Cc: jkarlin@chromium.org
I believe this behavior was added in https://chromiumcodereview.appspot.com/2435743002 and https://codereview.chromium.org/2739433002 - the throttling should only affect only resources that don't block the page load, I think.
What you're seeing is working as intended for the time being. It turns out that simply starting a request is resource intensive (getting cookies, checking the cache, dns lookups, etc). If you allow hundreds or thousands of requests to start in parallel you wind up delaying high-priority requests (script and css) on low-priority ones. It leads to bad loading performance. By throttling H2+QUIC resources we've seen considerable improvements in our page loading metrics. 

I agree that it's not ideal. What we really want is to address the priority inversion issue. But until that's done this is what we've got.
So by NOT setting async or defer it's defined as blocking and hence doesn't have this limit. However by setting async or defer you are intentionally setting it as non-blocking/low priority and hence Chrome puts in this limit.

Is my understanding correct?

While I (somewhat) understand the reasoning based in your comment, it does seem counter intuitive - those websites that do the right thing and make sure their scripts don't block the page loads, ultimately suffer from not having full functionality on the website until later than "poorly written" websites that do block.

Until Chrome addresses the underlying need for this, is 6 the right limit? While I agree hundreds or thousands of requests would cause issues, limiting to the old HTTP/1.1 limit of 6, when HTTP/2 is, in theory at least, much less resource intensive seems wrong. I think if this was increased somewhat (10? 20?) then it would likely affect fewer sites and perhaps be less of an issue.
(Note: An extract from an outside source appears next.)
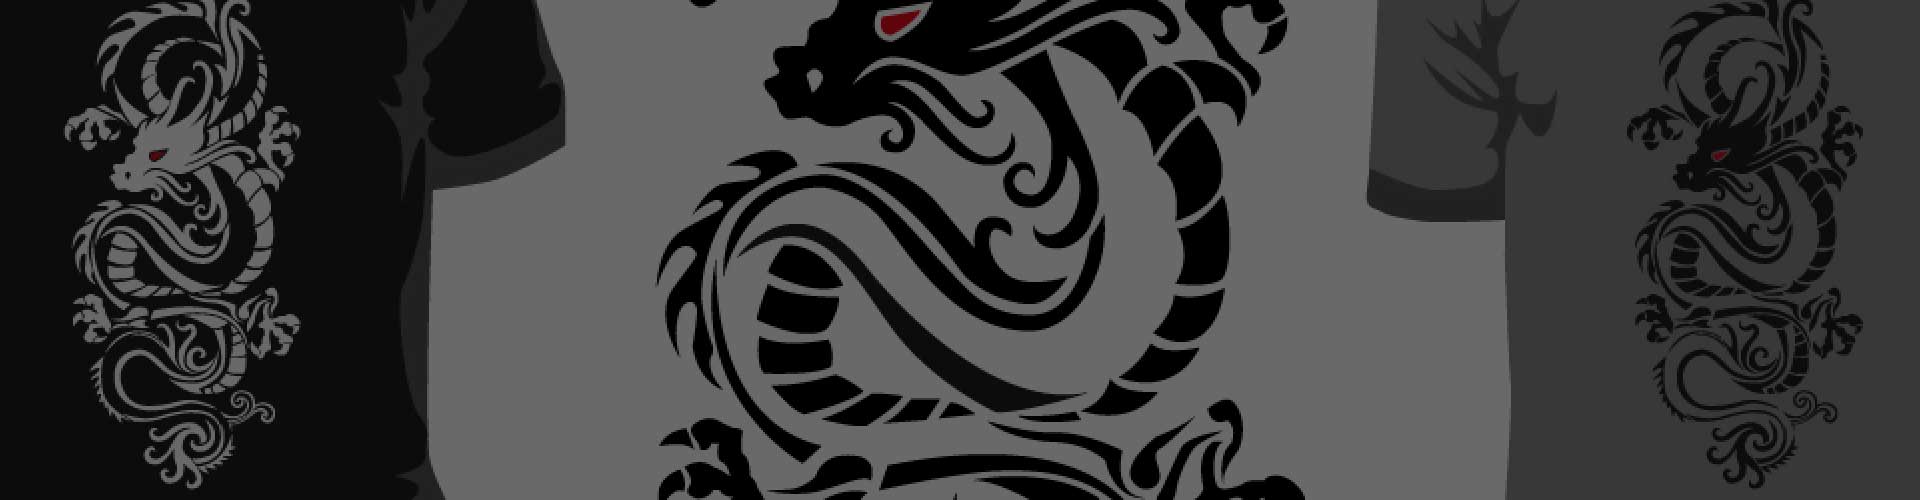 1920x500-dragon-tattoo

No idea how to define what that limit should be, and maybe you've considered this and tested and decided 6 is the best limit for now?

Or perhaps it could be based on the current items in the queue. For example, in my simple examples, there should be nothing in the queue and so it can afford to be more aggressive. On more complex sites, which already have a huge number of items in the queue, maybe you throttle back more. Not sure if that would be quite complicated to implement but just throwing ideas out here.

I would imagine HTTP/2 sites would like to stop having to bundle JS files but this bug severely limits their ability to do that - especially when it's not obvious that Chrome has this artificial limit.

Comment 5 by da...@wix.com, Aug 21 2017

While I understand the reasoning, I find the decision to be very problematic. It's one thing to try to best support bad design, it's quite another to reward it, and penalize good design. We've worked hard to avoid all render-blocking resource downloads, and now we are penalized for it on Chrome.

Based on my understanding, for Chrome best performance is now achieved by avoiding HTTP/2 in favor of HTTP/1.1. In both cases download is limited to 6 at a time, and at least with HTTP/1.1 we also get 6 sockets.
I hear your frustrations. Please see issue 655585 for the context on the decision. Again, it's not where we intend to stay. It's just where we are now. The network stack is gradually being updated with a task scheduler that allows for prioritization. Once that transition completes, we can experiment with prioritized tasks and removing the throttle.
Mergedinto: 655585
Status: Duplicate (was: Unconfirmed)
Closing as duplicate, any updates will be posted to 655585.